Apr 9, 2013

IoT Business Models

A few weeks ago, I had the pleasure to be a stimulus speaker at a New Digital Economics event in San Francisco. I spoke about IoT Business Models during a full day session - entitled Digital Things – which was devoted to new opportunities from the ‘Internet of Things’.

Digital Things ran in parallel to sessions on Digital Commerce and Digital Entertainment so there was definite competition for conference delegates. As a measure of how seriously Silicon Valley is taking the IoT market, the Digital Things session drew by far the largest audience.

Since the IoT market is still comparatively underdeveloped in commercial terms, my presentation focused on lessons learned from the M2M market. In particular, I highlighted several insights from the business strategies that service suppliers and providers are implementing.

M2M service providers – hardware and technology vendors, mainstream and specialist service providers, integrators etc. - are employing a variety of strategies in the M2M market. A common theme to their actions is to ‘compress’ or vertically integrate along the traditionally fragmented value chain; This was previously described in my post about corporate initiatives. For example, partnerships involving two or more companies in adjoining parts of the value chain can reduce complexity and costs when implementing M2M solutions. Improved coordination along the value chain can shorten the ‘time to market’ while offering greater confidence and certainty to non-telecoms. companies that are looking to adopt M2M connectivity. And, there is greater scope for innovation as knowledge barriers start to break down.

The IoT market differs from the M2M market. IoT involves services that exploit data from multiple sensors and connected devices that may initially have been deployed for separate and unrelated purposes.

To illustrate this point, the middle image in the following exhibit shows the case of a set of services delivered in a home. These services – home automation, smart metering and assisted living – would each be deployed for a specific application purpose. The ability to combine data across services could result in a higher quality of services (through improved information integrity) as well as new service opportunities (e.g. home security, wellness monitoring).

So, which types of company and business models will prevail in the IoT market?
  • One possibility for how IoT services will develop takes the form of over the top (OTT) providers. Companies would leverage data (subject to the data being accessible) from multiple sources to create and supply new services (which carries the threat of disenfranchising existing silo providers).

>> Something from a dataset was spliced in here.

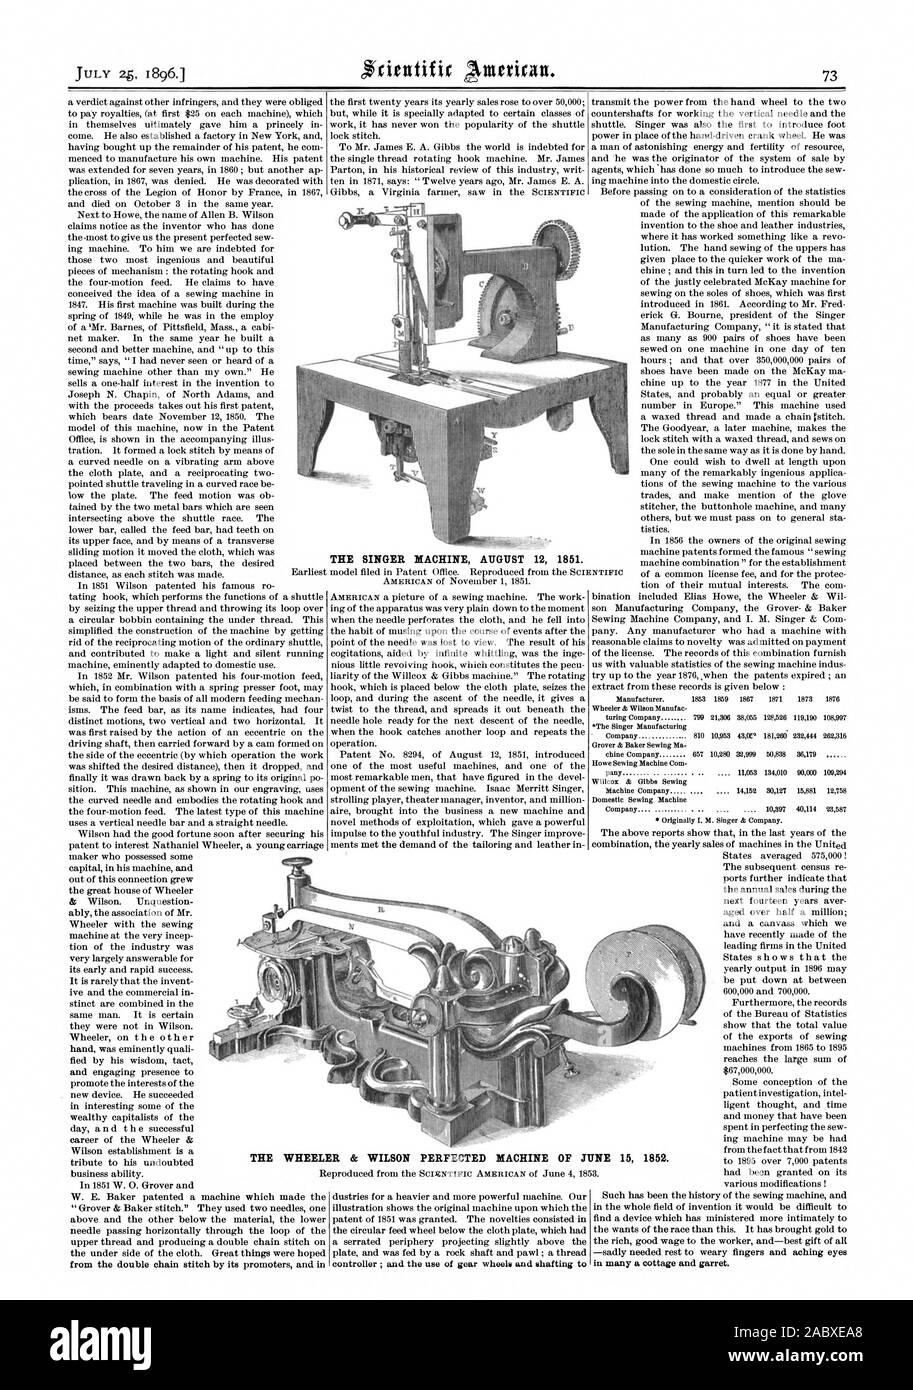 Il cantante macchina 12 agosto 1851. La WHEELER & WILSON macchina perfezionata di Giugno 15 1852., Scientific American, 1896-07-25 Foto Stock

  • Drawing on the concept of ‘value-chain’ compression in M2M, there will be analogous opportunities, horizontally across value chains as shown in the right-most image of the illustration above.
The challenge for companies in the ‘new’ value chain is to understand where value might be concentrated – e.g. customer interface, billing engine, customer and connected device identity management, etc. – and how this translates into potential control points to orchestrate the value chain.